Thursday, 1 November 2012

Sandy Aftermath: Calculating Economic Damage a Tricky Proposition

Sandy Aftermath: Calculating Economic Damage a Tricky Proposition



State troopers have been deployed at all gas stations along the NJ Turnpike and Garden State Parkway, where dwindling gasoline supplies are causing frayed nerves as the region endures its third full day with massive power outages.

Frustration with gas supplies topped the list of issues causing tensions to boil over in New Jersey, New York and Connecticut, the states hardest hit by power outages in the wake of superstorm Sandy.
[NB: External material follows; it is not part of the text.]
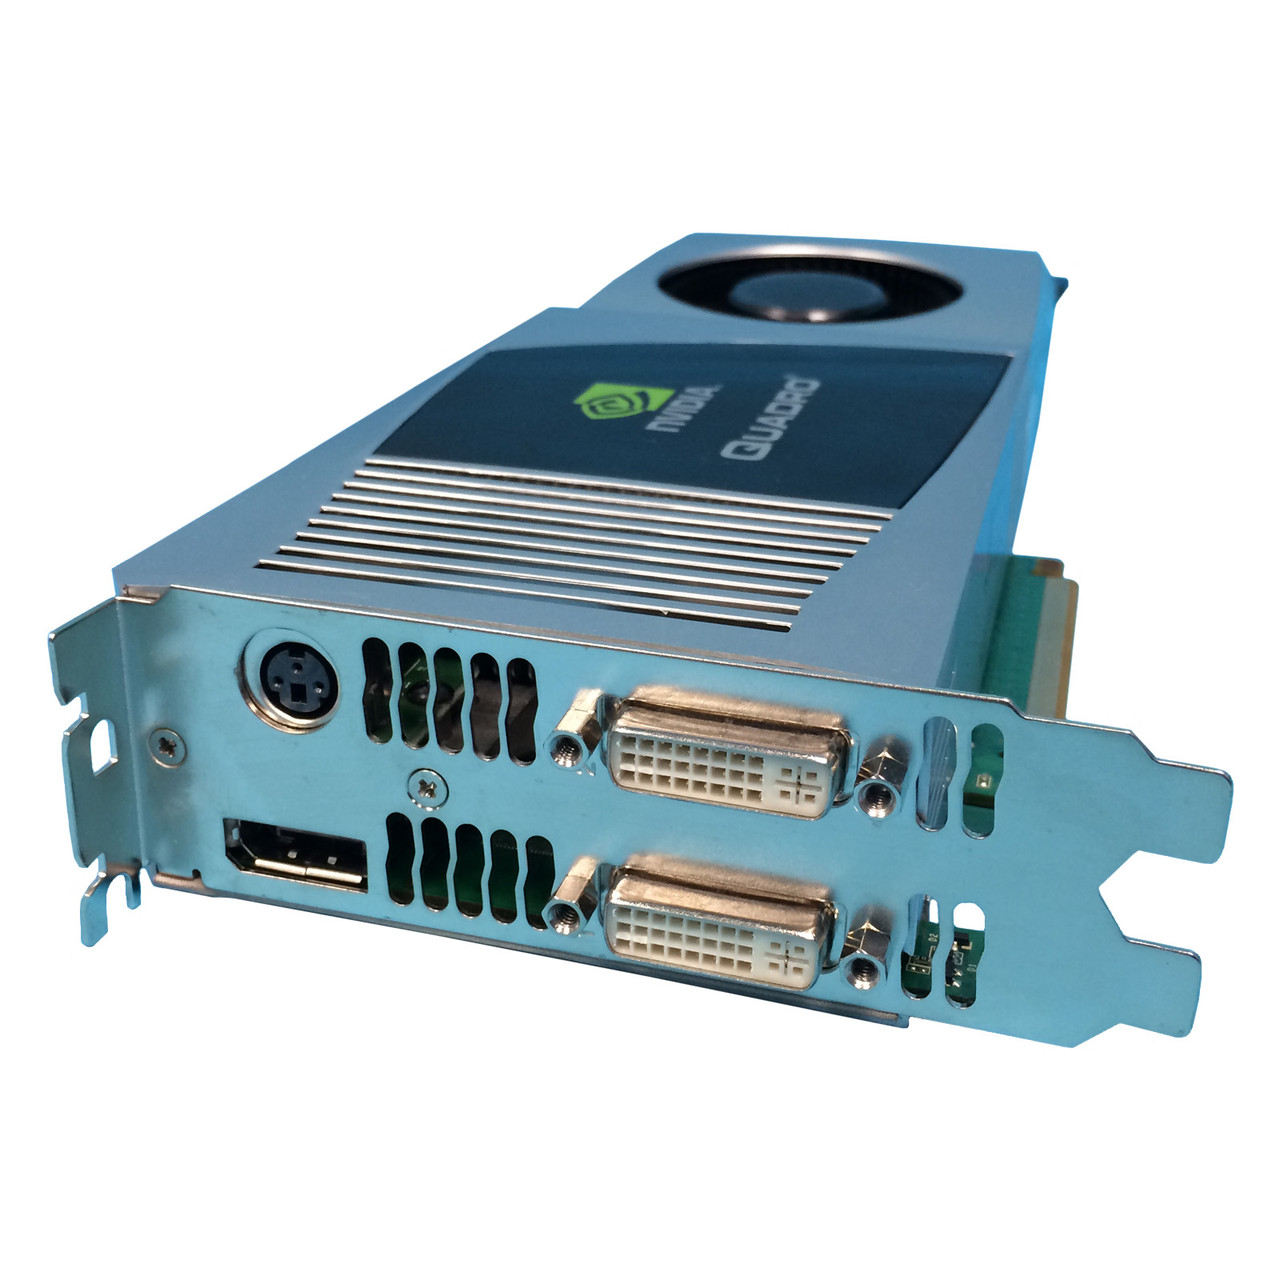 1HKHC NVIDIA Quadro FX5800 w/4GB PCIe x16 Video Card

Residents jockeyed for fuel at the few stations still pumping, searched store shelves in vain for batteries, struggled with sporadic cell phone service and found themselves unable to buy necessities at supermarkets.

The folks at Strategas Research Partners estimate Sandy affected about 1/4 of the total U.S. economy for several days, which could depress economic growth by several tenths of a percentage point.

That’s a material amount, especially considering third-quarter growth came in at 2.0% and economists were expecting comparable growth for the current period prior to the storm.

Strategas notes the fact that the storm hit in the first month of the fourth quarter leaves time for rebuilding efforts to offset some of the lost business. That should help limit the impact on GDP.
Still, analysts are all over the map when estimating how growth for the rest of the year will play.  Economists at Jefferies calculate that the total drag from Sandy will be around 0.4%-0.5% of fourth-quarter GDP.
But High Frequency Economics  says the economy will suffer “limited fallout” when all is said and done.